Sinais e sintomas da síndrome de Hunter

Os sintomas da síndrome de Hunter (MPS II) geralmente não são aparentes no nascimento e começam a se tornar perceptíveis após o primeiro ano de vida. Normalmente, os primeiros sintomas da síndrome de Hunter podem incluir hérnia inguinal/umbilical, infecções de ouvido, coriza e resfriados. Como estes sintomas são bastante comuns nas crianças, é pouco provável que o médico faça um diagnóstico imediato da síndrome de Hunter.

À medida que os GAGs vão se acumulando em todas as células do corpo, os sinais da síndrome de Hunter se tornam mais visíveis e crônicos. Entre as manifestações físicas apresentadas por muitas crianças com a síndrome de Hunter destacam-se as características faciais grosseiras típicas, como a fronte saliente, ponte nasal rebaixada (“nariz em sela”) e a macroglossia (aumento da língua). Por isso, é comum que as crianças com síndrome de Hunter sejam parecidas entre si, mesmo quando não tenham qualquer grau de parentesco.

Alguns pacientes também podem apresentar cabeça e abdômen com volumes aumentados. No decorrer dos anos, as infecções de ouvido e do trato respiratório tornam-se mais freqüentes.

O acúmulo contínuo de GAGs nas diversas células do corpo pode fazer com que os órgãos apresentem problemas graves. O espessamento das válvulas e paredes do coração podem resultar em declínio progressivo da função cardíaca. As paredes das vias respiratórias podem aumentar, causando problemas respiratórios durante o sono (doença obstrutiva das vias aéreas).

Os portadores da síndrome de Hunter também podem apresentar capacidade limitada dos pulmões devido ao envolvimento pulmonar. Como o fígado e baço aumentam com o tempo, a barriga pode ficar grande, deixando as hérnias mais perceptíveis. Todas as articulações importantes (incluindo as do pulso, cotovelo, ombro, quadril e joelho) podem ser afetadas pela síndrome, causando o endurecimento delas com a conseqüente limitação de movimento. O envolvimento progressivo das articulações dos dedos das mãos reduz a capacidade de pegar pequenos objetos. Os efeitos nas outras articulações, como quadril e joelho, resultam na progressiva dificuldade de andar normalmente. Pode ainda ocorrer uma diminuição da função das mãos em decorrência da síndrome do túnel do carpo. Os ossos (especialmente os longos e os da coluna) costumam ser afetados também, resultando em baixa estatura.

Além disso, lesões dérmicas granulares de coloração marfim podem aparecer nos antebraços, pernas e parte superior das costas de alguns portadores da síndrome. A presença ou ausência das lesões dérmicas, contudo, não é útil para prever a gravidade clínica da síndrome de Hunter.
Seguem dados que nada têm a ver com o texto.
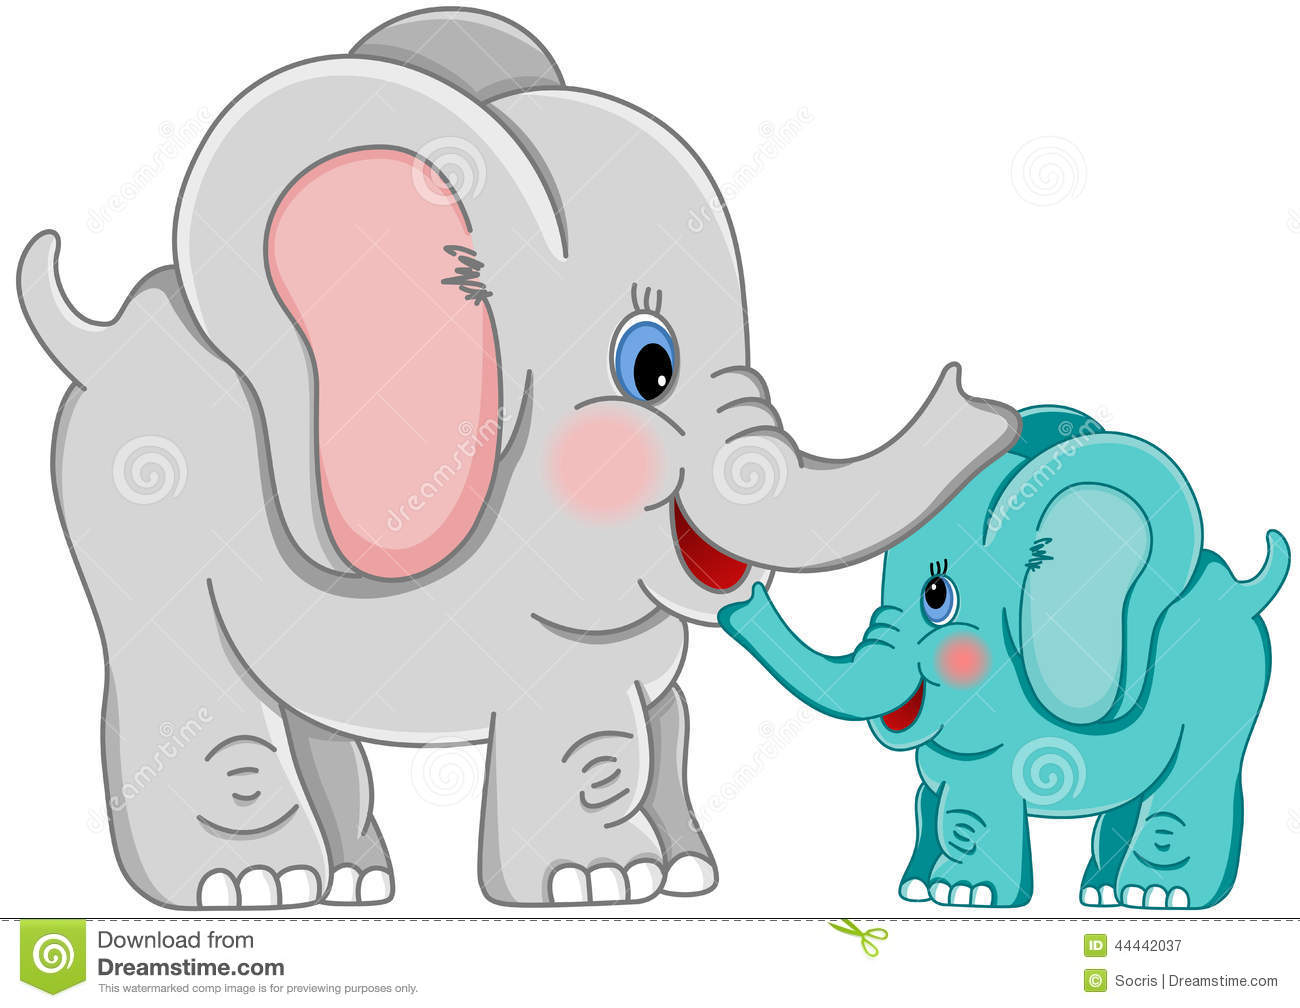 Mama baby elephant clipart clip art black and white download Mama baby elephant clipart - ClipartFest clip art black and white download

Por fim, o acúmulo de GAGs no cérebro pode levar o paciente a um atraso no desenvolvimento neuropsicomotor com subseqüente retardo mental. A velocidade e o grau de progressão da doença podem diferir de pessoa para pessoa acometida pela síndrome de Hunter, já que a mesma geralmente apresenta ampla variabilidade quanto à gravidade de sintomas.

(Veja a tabela abaixo com um resumo dos sinais e sintomas iniciais e tardios)

A gravidade dos sintomas da síndrome de Hunter pode variar muito, por isso é importante observar que, apesar do termo "brando" usado às vezes pelos médicos ao se referirem às manifestações clínicas mais “leves” dos portadores da síndrome, os efeitos da doença podem ser bastante sérios, mesmo quando ela é considerada uma forma branda. Duas das mais significativas áreas de variabilidade são o grau de deficiência mental e de expectativa de vida. Alguns pacientes não apresentam atraso neuropsicomotor e vivem até os 20 ou 30 anos de idade. Existem alguns relatos ocasionais de pessoas que chegaram a ser sexagenárias.

A qualidade de vida mantém-se alta para um grande número de pacientes, e muitos adultos são ativos profissionalmente. Por outro lado, outros pacientes desenvolvem deficiência mental grave e têm uma expectativa de vida de 15 anos ou menos em decorrência de outras complicações associadas às formas mais graves da síndrome.